First, the Bad News Dept.: Filmmakers (and others) who have been using the phone booth at the Post Office at 22 rue des St-Péres, Paris, to make long-distance calls without having to pay for them are hereby warned that the phone has been repaired.
Gone is the film that was so divine Department:
(1) Followers of the financial side of the film business may, over the next few months, enjoy the relatively rare sight of watching a film’s total gross actually go down from week to week. The Great Gatsby, which Paramount so proudly hailed as _ having earned back its negative cost even before release, has been doing — as anyone can tell you — _ less than spectacularly at the nation’s box offices.
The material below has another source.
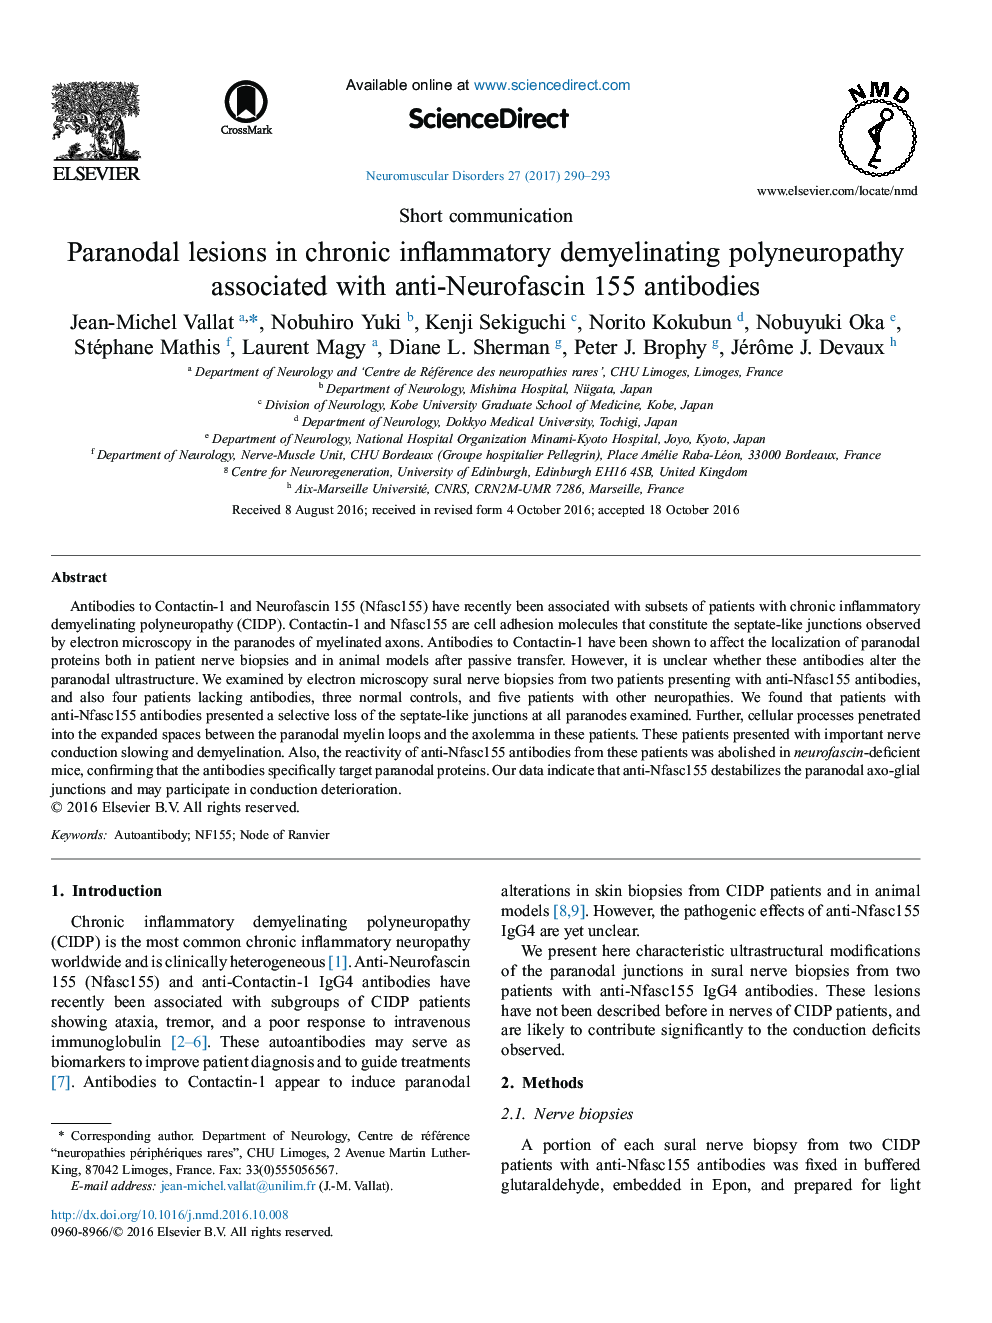 Short communicationParanodal lesions in chronic inflammatory demyelinating polyneuropathy associated with anti-Neurofascin 155 antibodies

So unspectacularly, in fact, that negotiations are already underway by which Paramount will, in effect, be paying back to exhibitors some of the advances they made on the film’s anticipated revenues. Loews’ theatres in NYC, for example (according to Variety), paid Paramount a flat million for the privilege of showing the epic and the distributor’s share of the box-office has so far amounted to only slightly over a quarter of that amount.
(2) Sign recently spotted in a New York store window: “Great Gatsby Sweaters % Price Sale!!!”
Dean Martin Jr., 22, has pleaded guilty to charges of illegal possession of an anti-tank gun and a machine gun. He had originally claimed the guns to be part of a collection started, as a hobby, when he was a teenager.
Is it true that Jane Fonda has two writers working on a script for her, tentatively titled The Patty Hearst Story?
Gossip has it that one of the “hottest” scenes from Don’t Look Now — deleted from the final film — was showing up on the private Bel Air screens of so many motion picture executives that Warren Beatty finally had to come to the rescue of Julie Christie (star, with Donald Sutherland, of the movie and the scene) by calling up everyone connected with the loaning-out of the bit of film and telling them off in no uncertain way.
Federico Fellini, speaking at a recent press conference, explained that he makes films because he gets advances and doesn’t want to have to give the money back.
Oliver Reed has an unbilled appearance in Ken Russell’s Mahler. He plays a train guard who is on the screen for about two seconds — blowing a whistle to set the train in motion.
Cornelius J. Ryan, author of The Longest Day (for which Twentieth Century-Fox raked in the largest grosses on record — $54 million — for a b&w film), was refused a print of the picture by the distributor and had to steal one.
Spanish censors, having first refused to allow showings of The Getaway because McQueen and MacGraw actually make off with their loot successfully, are now permitting release of the picture with a voice-over that explains —just before the final fade-out — that the two were apprehended six months later.
Largest share of the North American filmrental market in 1973 went to Twentieth Century-Fox (18.8%), with Warner Bros. and United Artists in second and third spots. In all, the top three cornered roughly 46% of the market. (Universal was in fourth spot, while Paramount — first in 1972 — slumped to fifth.)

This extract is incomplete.